Phun City was certainly chaotic. The audience was effectively left to police itself, and it is fortunate that a shooting of a girl did not result in her death. 
This ought, perhaps, to have been anticipated. The previous December, the Altamont Speedway Free Festival in California had seen considerable violence among the crowd, culminating in the death by stabbing of Meredith Hunter. These events, captured on film for awful posterity, took place to the sound of The Rolling Stones and are often held up as marking the beginning of the end of the hippy dream. 
Yet as Todd Rundgren sang, “a dream goes on forever”. So the spirit of hippy space rock continues, through the jams of Pinkwind and the music of Gong, Here and Now, UFO, Magma, The Orb, Simply Saucer, Zolar X, Von LMO, Chrome, Ra Can Row, ST 37, Ozric Tentacles, Spacemen 3, Loop and Factory Records’ Ad Infinitum, who only ever recorded one single – a cover of Joe Meek’s Telstar.  
While discussing my research into space rock with a colleague I began to consider the genre’s wondrous album artwork. Inspired by the journalist Steven Johnson and his eulogy to the emergence of the internet’s “curatorial culture”, I headed off into cyberspace to seek out my top ten LP covers.

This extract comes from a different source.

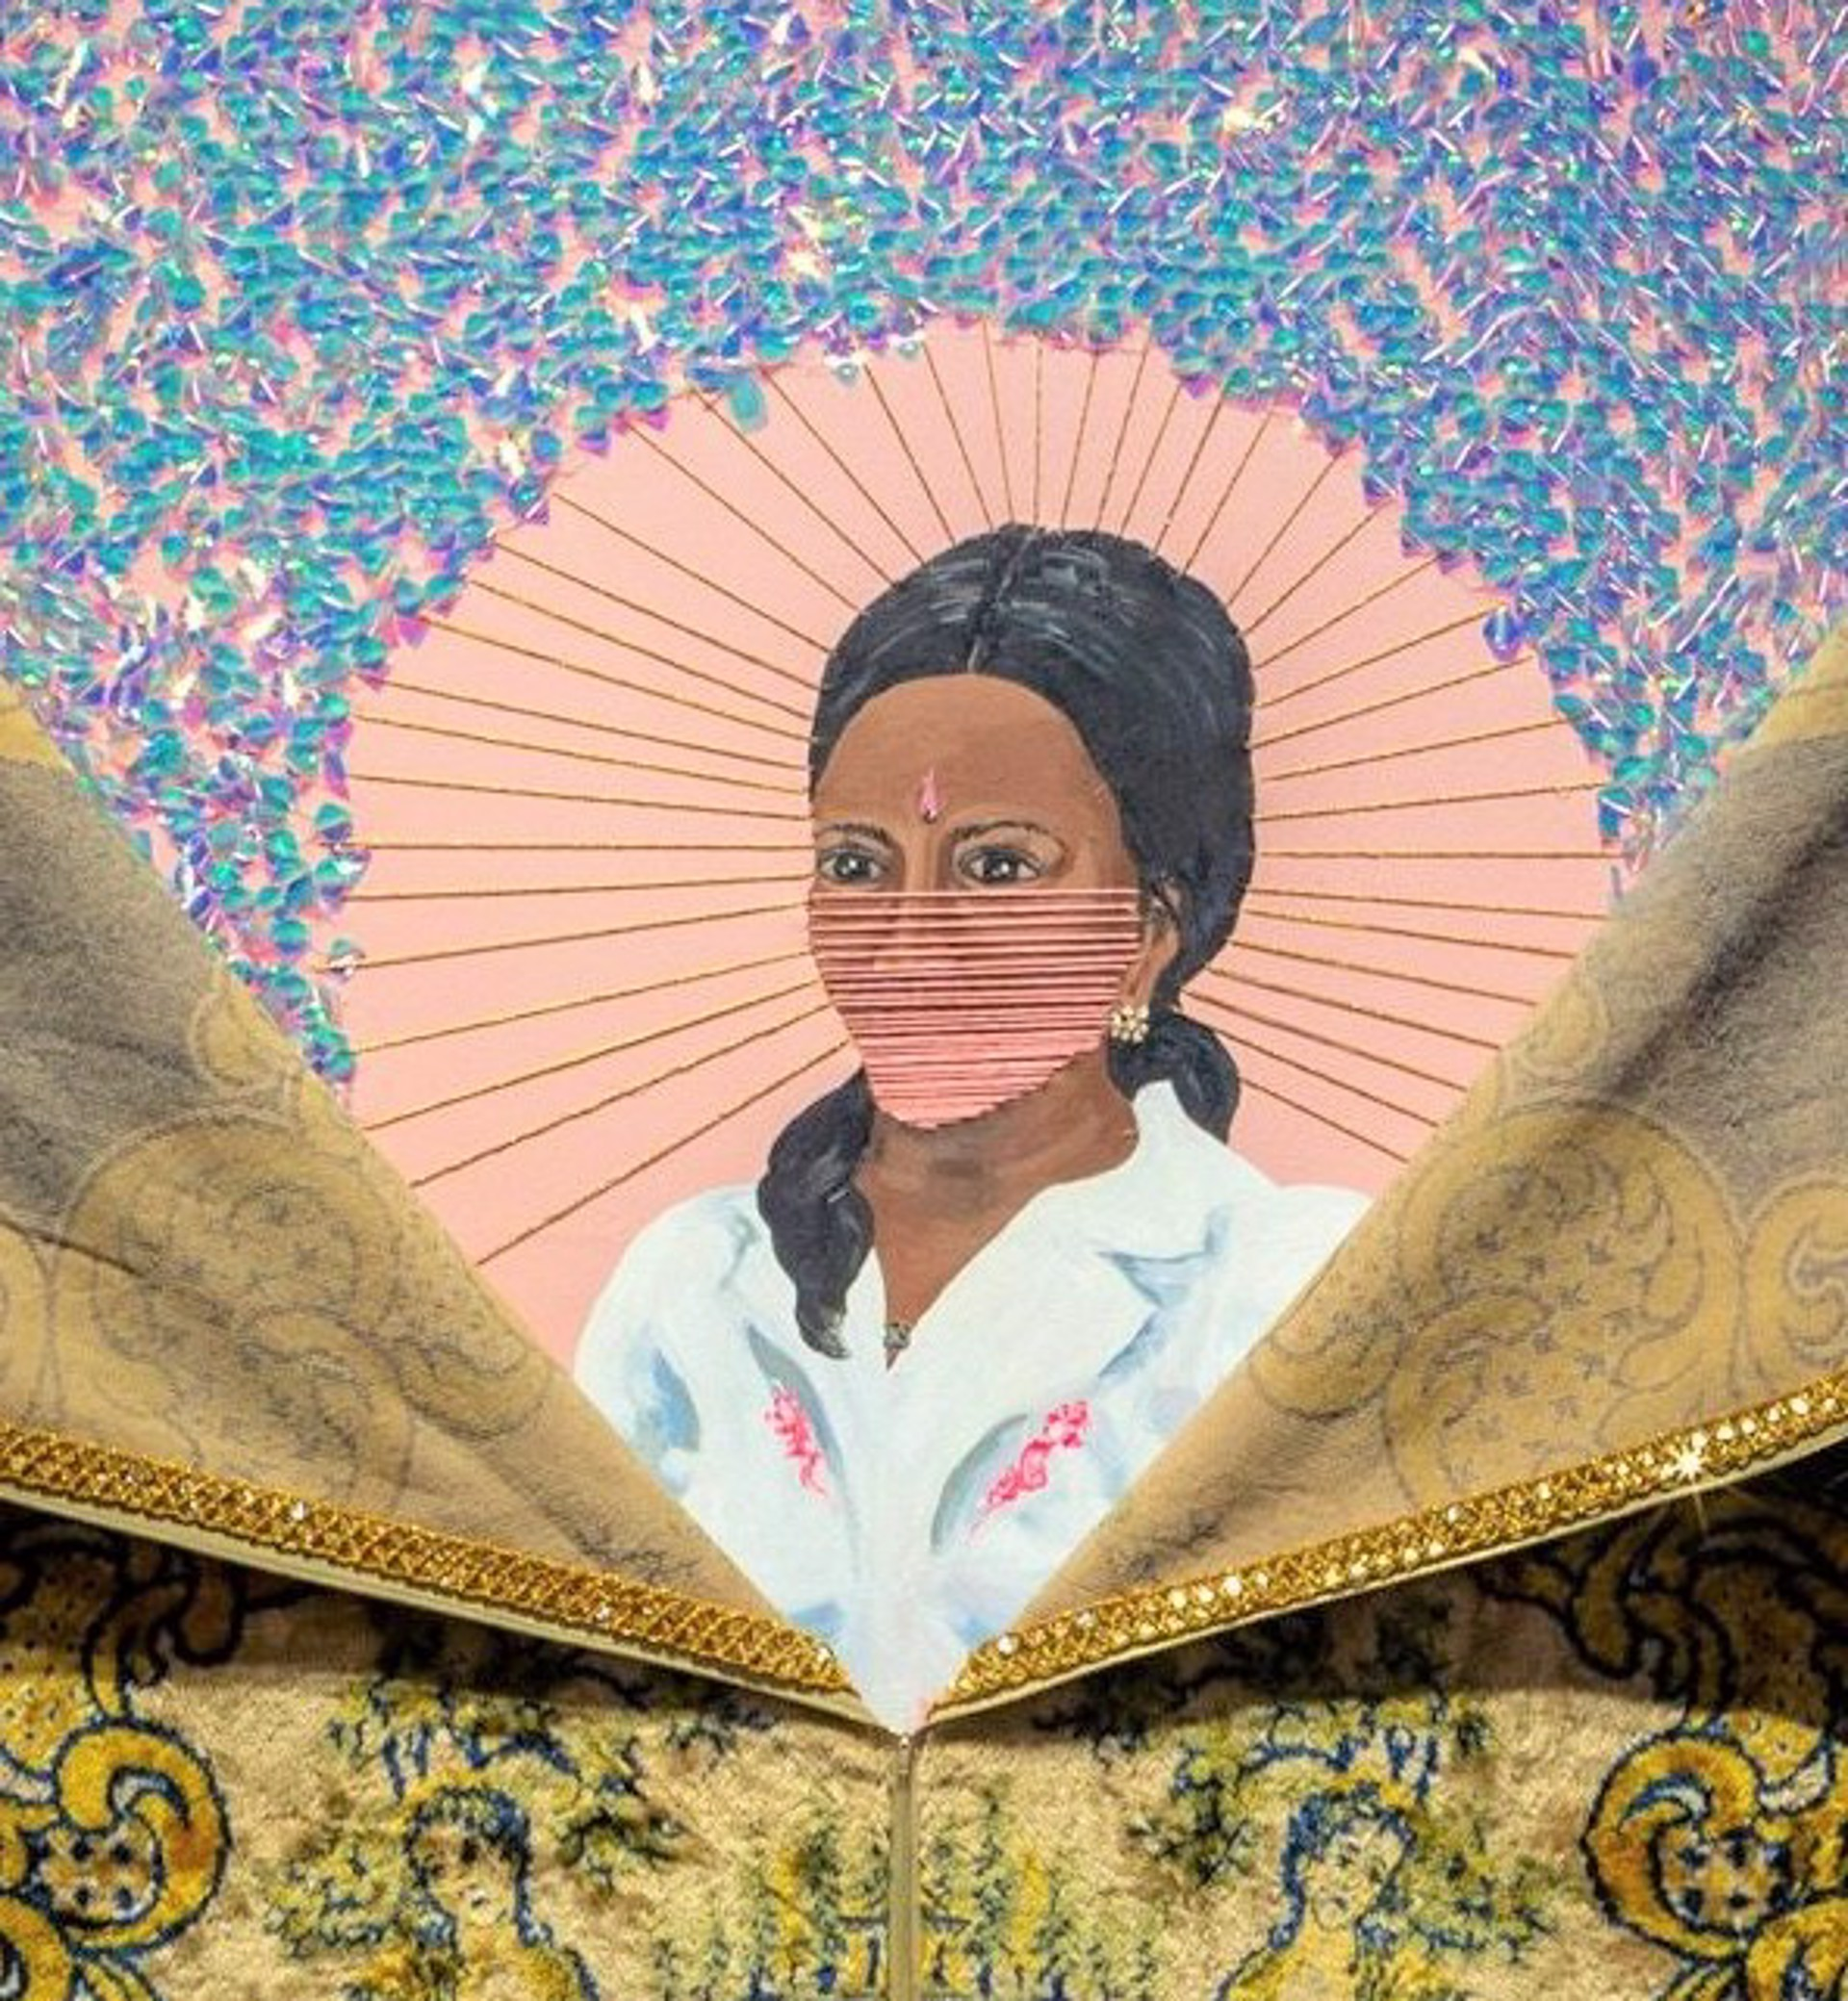 Calypso Queen by Suchitra Mattai

I quickly encountered the curator’s eternal conundrum, however. How to choose? I decided to freak and simply go with my first instinctive reaction. Unfortunately I had to leave out Weekend Party, with a picture of Jane Fonda in a space suit on the cover, as well as The Ames Brothers LP Destination Moon, Khan’s Space Shanty, Blast Off! by Ferrante & Teicher, The Very Best of Nimoy and Shatner, The Spotnicks in Jazzland, Party Interplanetire and Robots-Music: Volume 3
There’s a vast universe of space rock art out there, just waiting for intrepid explorers. Here I present my own discoveries under the title Simon’s Nomenclature of Spaced-Out Albums.

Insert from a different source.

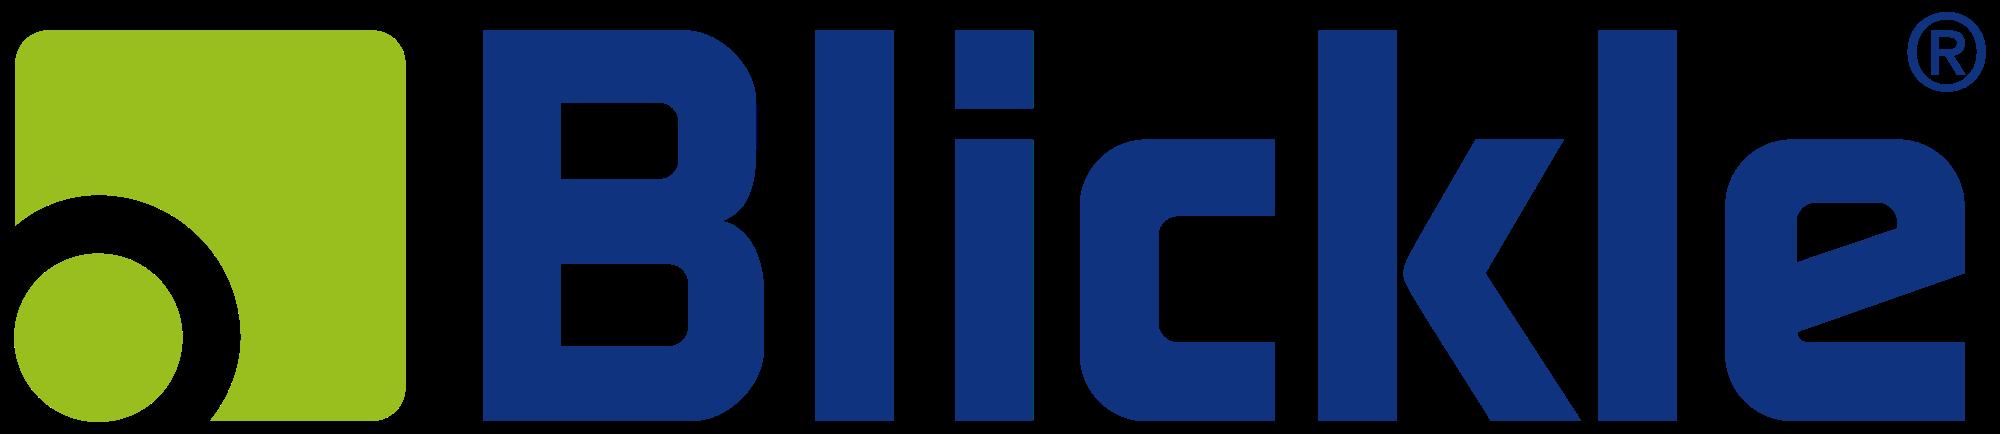 Blickle
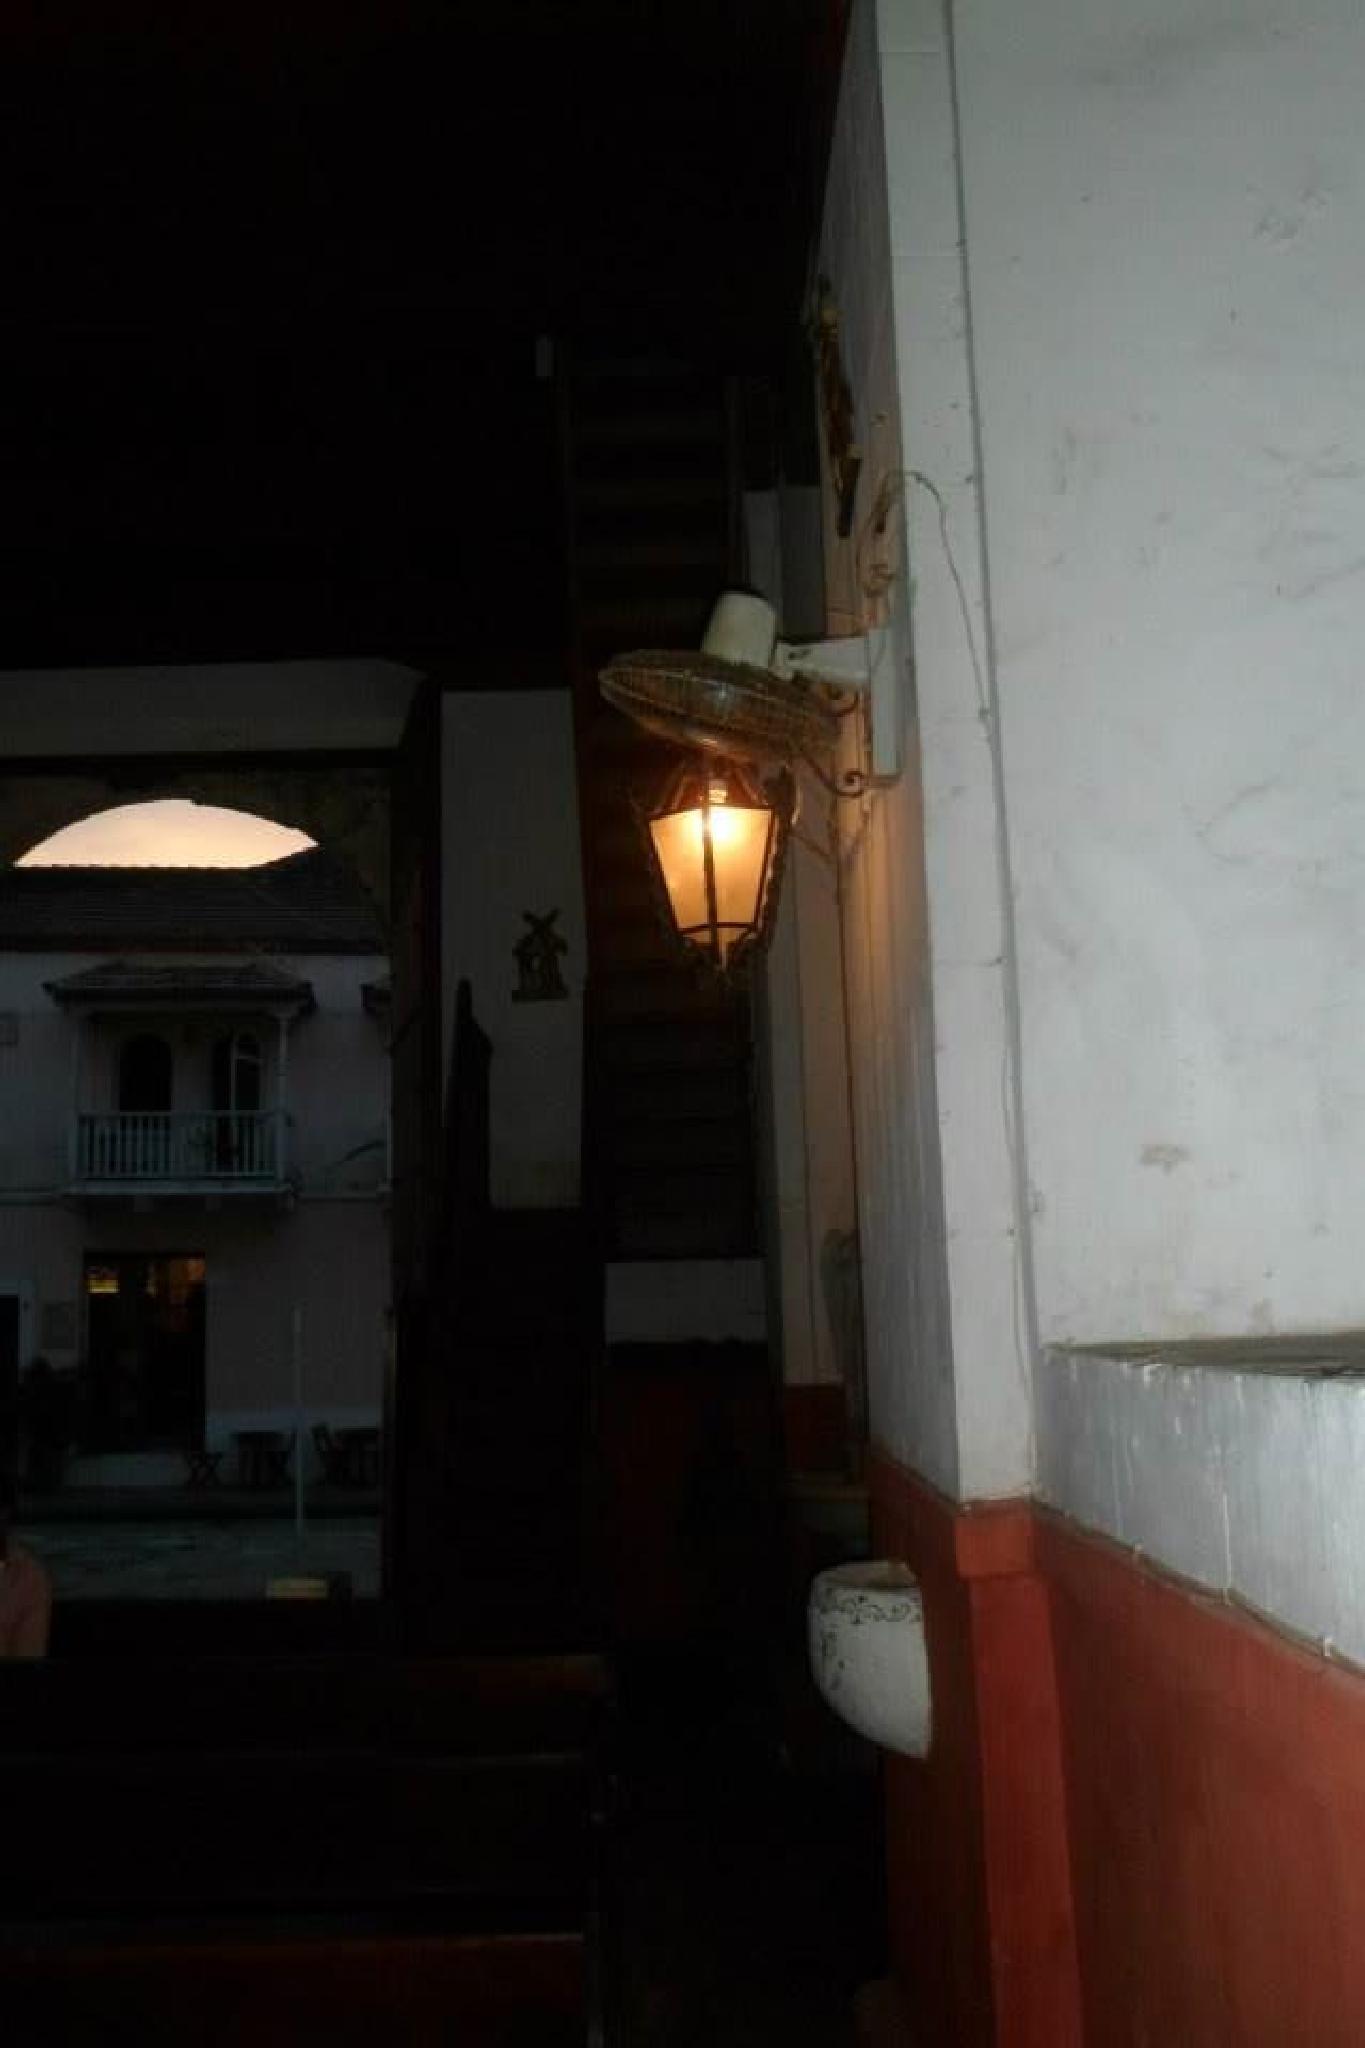 the wanderful lamp inside a church by castariza

Flying Teapot: Radio Gnome Invisible Part 1 (1973) - Gong
Clear Air Turbulence (1977) - Ian Gillan Band
Out There (1958) - Betty Carter
Out-A Space: The Spotnicks in London (1962) - The Spotnicks
Never Never Land (1971) - Pink Fairies
Goodnight Vienna (1974) - Ringo Starr
The Space Ritual Alive in Liverpool and London (1973) - Hawkwind
Telstar (1962) - The Tornados
Trip to Mars (1958) - Jack Parnell
Phenomenon (1974) - UFO
This piece was inspired by Sun Ra (1914-1993): The Cosmo Man, part of Nottingham Contemporary’s Alien Encounters season, which can be seen until 31 December.